Extracurricular activities

Music 
The choral music department offers three choirs for students during the school day: a select concert choir, a Women's choir, known as Treble Clef Choir, and Men's choir, known as Bass Clef Choir. A Vocal Jazz group is offered to students by audition.  The choirs perform three concerts during the school year as well as participate in various festivals and contests throughout the year. Students are also encouraged to participate in all-state, solo/ensemble, and a variety of community functions throughout the year.

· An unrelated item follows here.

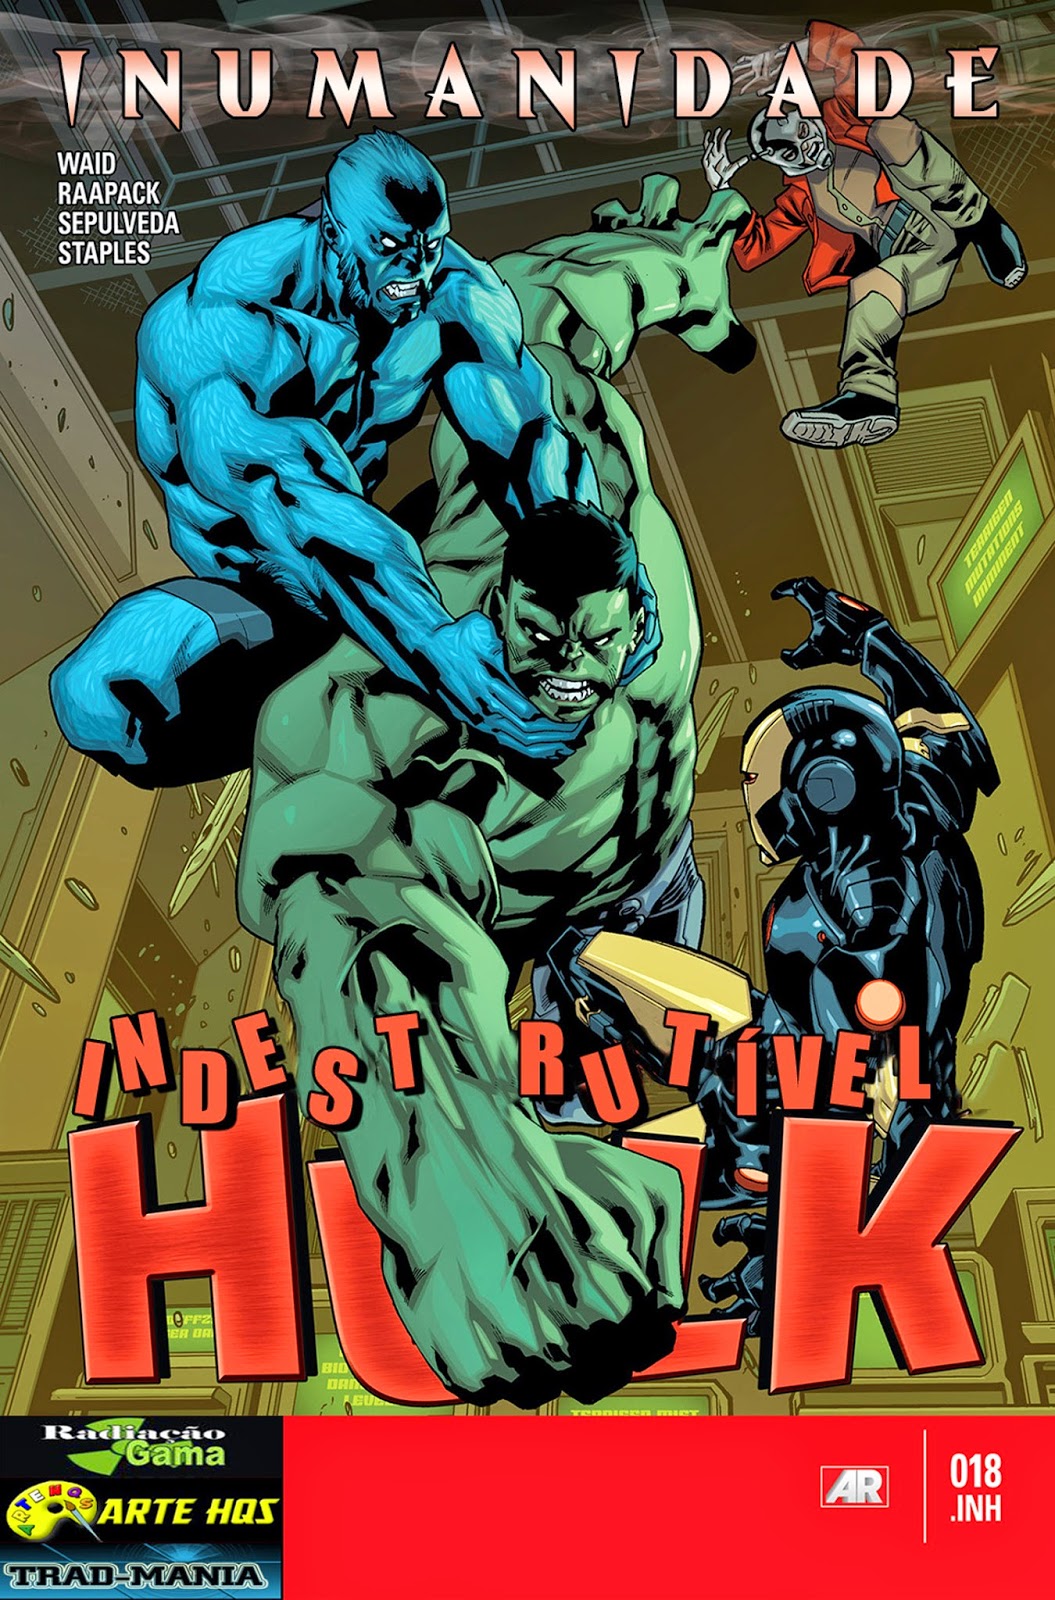 Nova Marvel! O Indestrutível Hulk #18
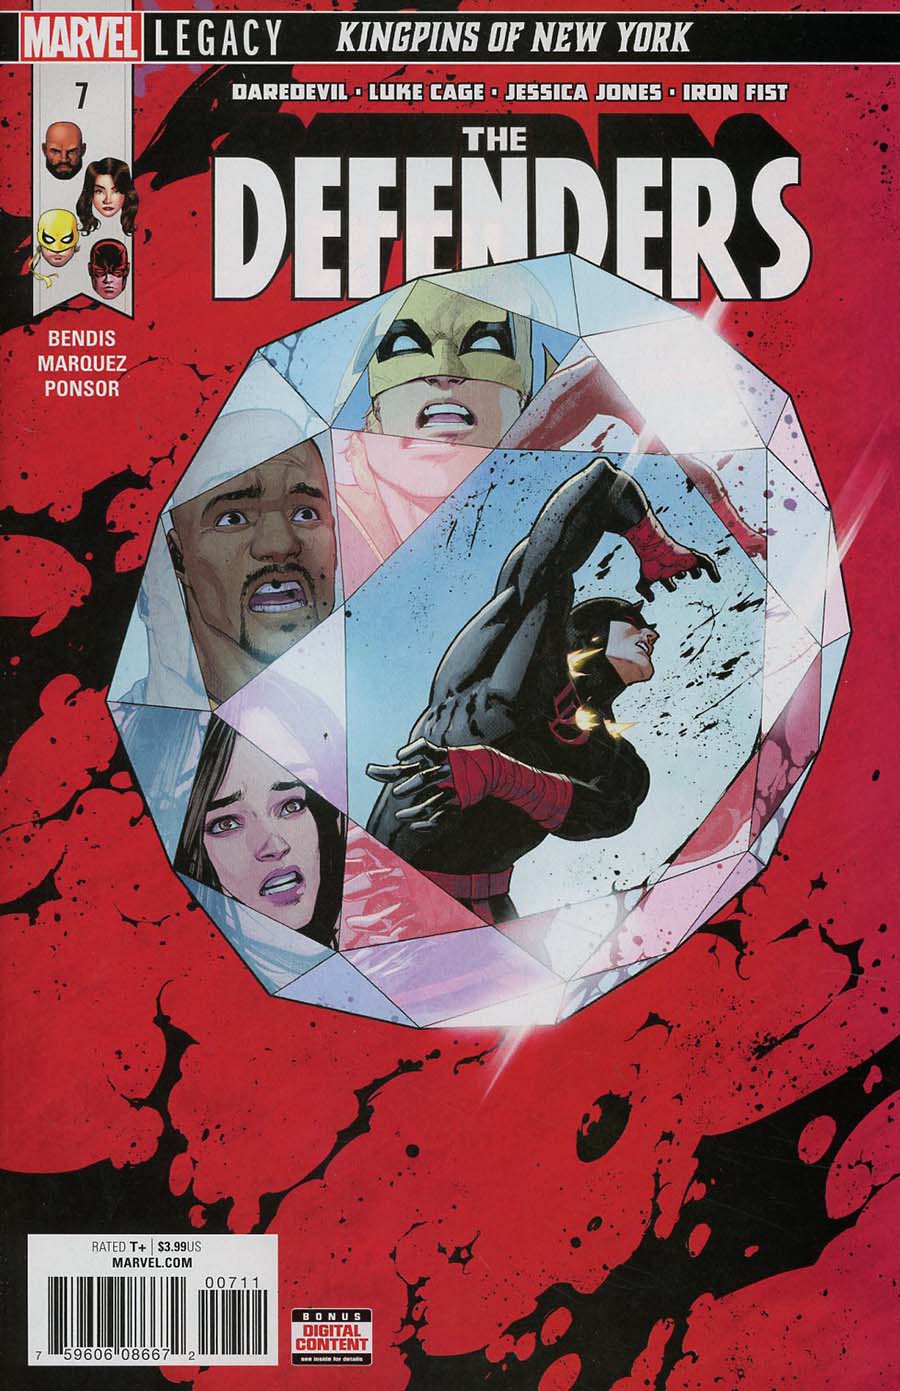 Defenders Vol 5 #7 (Marvel Legacy Tie-In)

The instrumental music department includes marching band, two concert bands, two jazz bands, and pep band.  Band students regularly earn top honors in all large ensemble categories at festivals, and also participate in all of the state-sanctioned festivals. 

The orchestral music department offers string orchestra throughout the year, and full orchestra (winds and percussion) is offered from mid-October through May.  In addition, a chamber orchestra is formed for different concerts as needed.  All of the orchestra groups have earned top marks at the IHSMA music festivals, and maintain a strong level of participation in all-state and solo/ensemble festival opportunities.

Athletics 

The athletic teams are known as the Tigers. CFHS is a member of the Mississippi Valley Conference and competes at the Class 4A (largest) level in the state of Iowa. Major rivals include the Waterloo West Wahawks and the Waterloo East Trojans. A budding rivalry on the gridiron is also enjoyed by fans of Cedar Falls and Iowa City High School. The Tigers are one of two teams in the state of Iowa that plays home football games indoors. Contrary to other Tiger athletic squads, the football team has no black on the uniforms.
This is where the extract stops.